Your claim is the particular case of Theorem 1 for $n = 3$ and $m = 2$. In fact, the group $S_3$ of all permutations of $\left\{1,2,3\right\}$ has $6$ elements, which are \begin{align} \left(1\right)\left(2\right)\left(3\right), \qquad \left(1,2,3\right), \qquad \left(1,3,2\right), \\ \left(1\right)\left(2,3\right), \qquad \left(2\right)\left(1,3\right), \qquad \left(3\right)\left(1,2\right) \end{align} when written in the cycle notation; and their corresponding $\operatorname{Tr}_\sigma\left(A_1, A_2, A_3\right)$ are \begin{align} \operatorname{Tr}_{\left(1\right)\left(2\right)\left(3\right)} \left(A_1, A_2, A_3\right) &= \operatorname{Tr}\left(A_1\right) \operatorname{Tr}\left(A_2\right) \operatorname{Tr}\left(A_3\right) ; \\ \operatorname{Tr}_{\left(1,2,3\right)} \left(A_1, A_2, A_3\right) &= \operatorname{Tr}\left(A_1 A_2 A_3\right) ; \\ \operatorname{Tr}_{\left(1,3,2\right)} \left(A_1, A_2, A_3\right) &= \operatorname{Tr}\left(A_1 A_3 A_2\right) ; \\ \operatorname{Tr}_{\left(1\right)\left(2,3\right)} \left(A_1, A_2, A_3\right) &= \operatorname{Tr}\left(A_1\right) \operatorname{Tr}\left(A_2 A_3\right) ; \\ \operatorname{Tr}_{\left(2\right)\left(1,3\right)} \left(A_1, A_2, A_3\right) &= \operatorname{Tr}\left(A_2\right) \operatorname{Tr}\left(A_1 A_3\right) ; \\ \operatorname{Tr}_{\left(3\right)\left(1,2\right)} \left(A_1, A_2, A_3\right) &= \operatorname{Tr}\left(A_3\right) \operatorname{Tr}\left(A_1 A_2\right) ; \\ \end{align} and thus the claim of Theorem 1 rewrites as \begin{align} & \operatorname{Tr}\left(A_1\right) \operatorname{Tr}\left(A_2\right) \operatorname{Tr}\left(A_3\right) + \operatorname{Tr}\left(A_1 A_2 A_3\right) + \operatorname{Tr}\left(A_1 A_3 A_2\right) \\ &= \operatorname{Tr}\left(A_1\right) \operatorname{Tr}\left(A_2 A_3\right) + \operatorname{Tr}\left(A_2\right) \operatorname{Tr}\left(A_1 A_3\right) + \operatorname{Tr}\left(A_3\right) \operatorname{Tr}\left(A_1 A_2\right) \end{align} in this case (for any three $2 \times 2$-matrices $A_1, A_2, A_3$). The latter equality is precisely your claim.

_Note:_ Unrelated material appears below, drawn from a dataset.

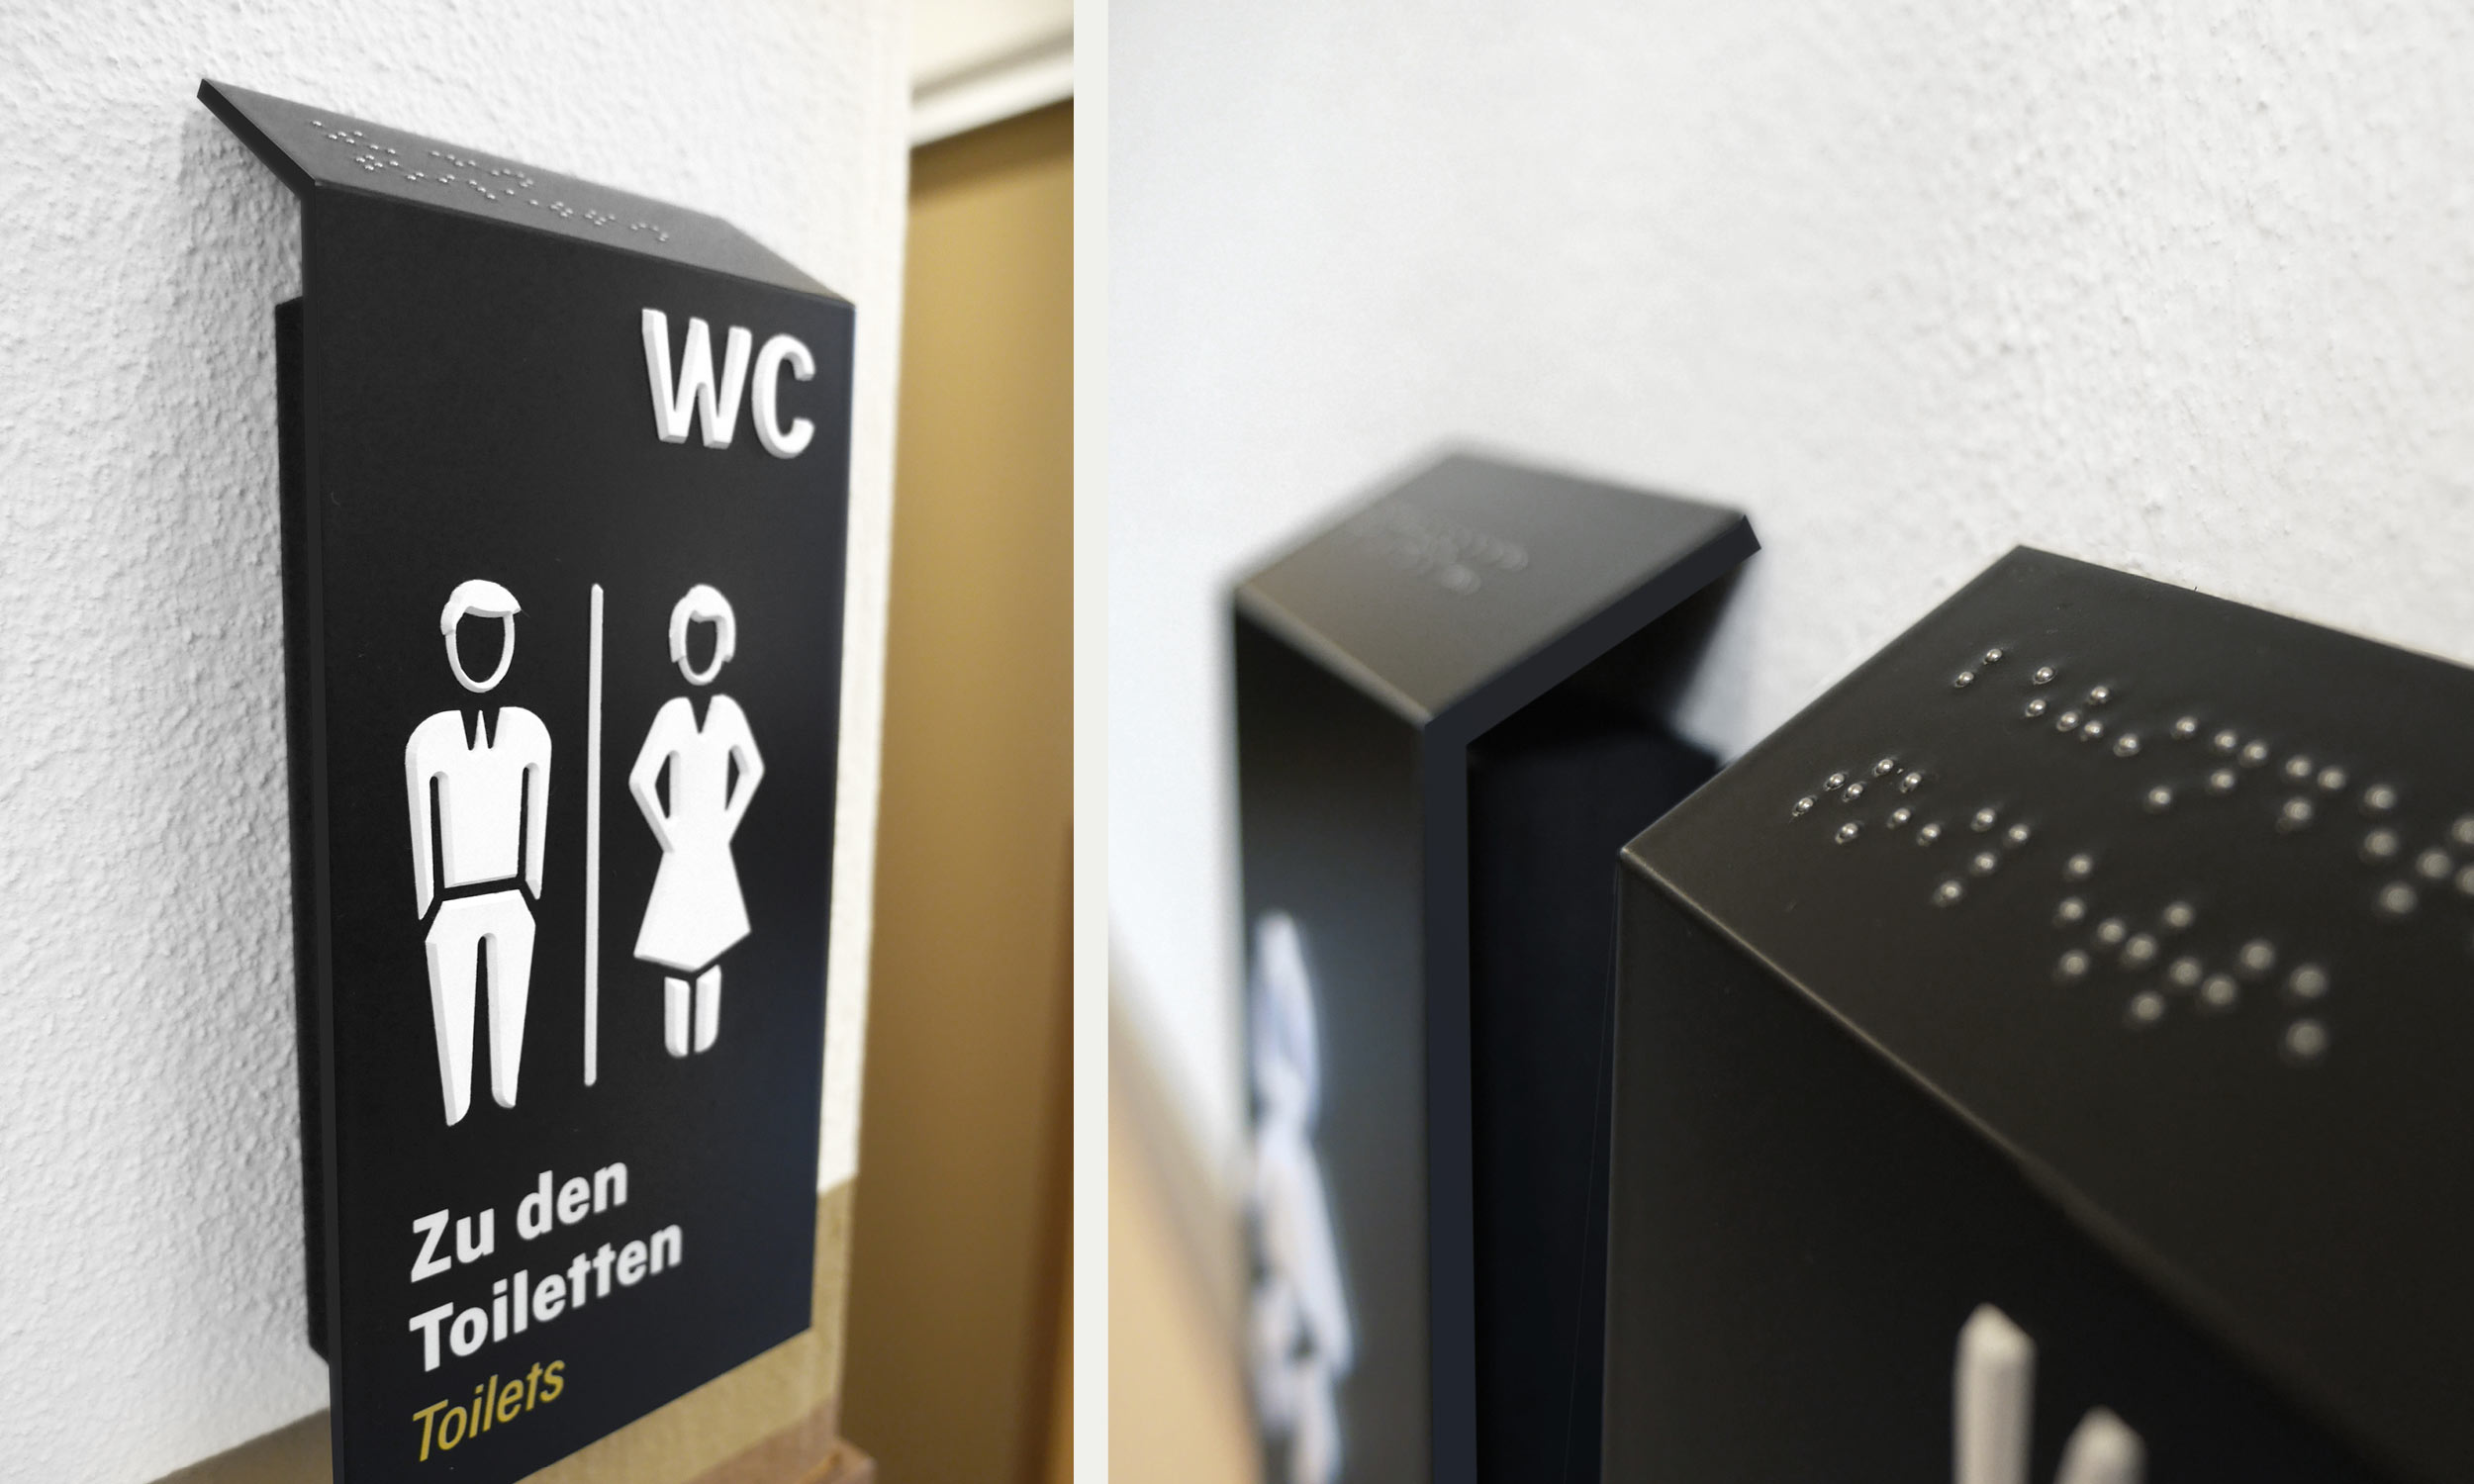 Fotos der Toilettenbeschilderung mit taktilen Piktogrammen und separater Kennzeichnung in Braille

Theorem 1 can be proven using a bit of multilinear algebra. The rough idea is this: Let $V$ be the $K$-vector space $K^m$; thus each matrix $A_i$ becomes an endomorphism of $V$. Now, consider the endomorphism $A_1 \otimes A_2 \otimes \cdots \otimes A_n$ of the tensor power $V^{\otimes n}$. But permutations $\sigma \in S_n$ also act on $V^{\otimes n}$ by permuting the tensor factors: \begin{align} \sigma \left(v_1 \otimes v_2 \otimes \cdots \otimes v_n\right) = v_{\sigma^{-1}\left(1\right)} \otimes v_{\sigma^{-1}\left(2\right)} \otimes \cdots \otimes v_{\sigma^{-1}\left(n\right)} \end{align} for all $v_1, v_2, \ldots, v_n \in V$ and $\sigma \in S_n$. Now, you can show that \begin{align} \operatorname{Tr}_\sigma\left(A_1, A_2, \ldots, A_n\right) = \operatorname{Tr} \left( \sigma^{-1} \circ \left(A_1 \otimes A_2 \otimes \cdots \otimes A_n\right) \right) \end{align} for any $\sigma \in S_n$, where the $\sigma^{-1} \circ \left(A_1 \otimes A_2 \otimes \cdots \otimes A_n\right) $ on the right hand side is understood to be an endomorphism of $V^{\otimes n}$. Hence, the claim of Theorem 1 will easily follow if we can show that \begin{align} \sum_{\sigma \in S_n} \left(-1\right)^\sigma \sigma^{-1} \circ \left(A_1 \otimes A_2 \otimes \cdots \otimes A_n\right) = 0 . \end{align} But this, in turn, follows from \begin{align} \sum_{\sigma \in S_n} \left(-1\right)^\sigma \sigma^{-1} = 0 \qquad \text{as endomorphisms of } V^{\otimes n} \end{align} (which I leave to you to check).

The theory behind this is known as "Schur-Weyl duality for the general linear group", but nothing deep is being used for this specific argument.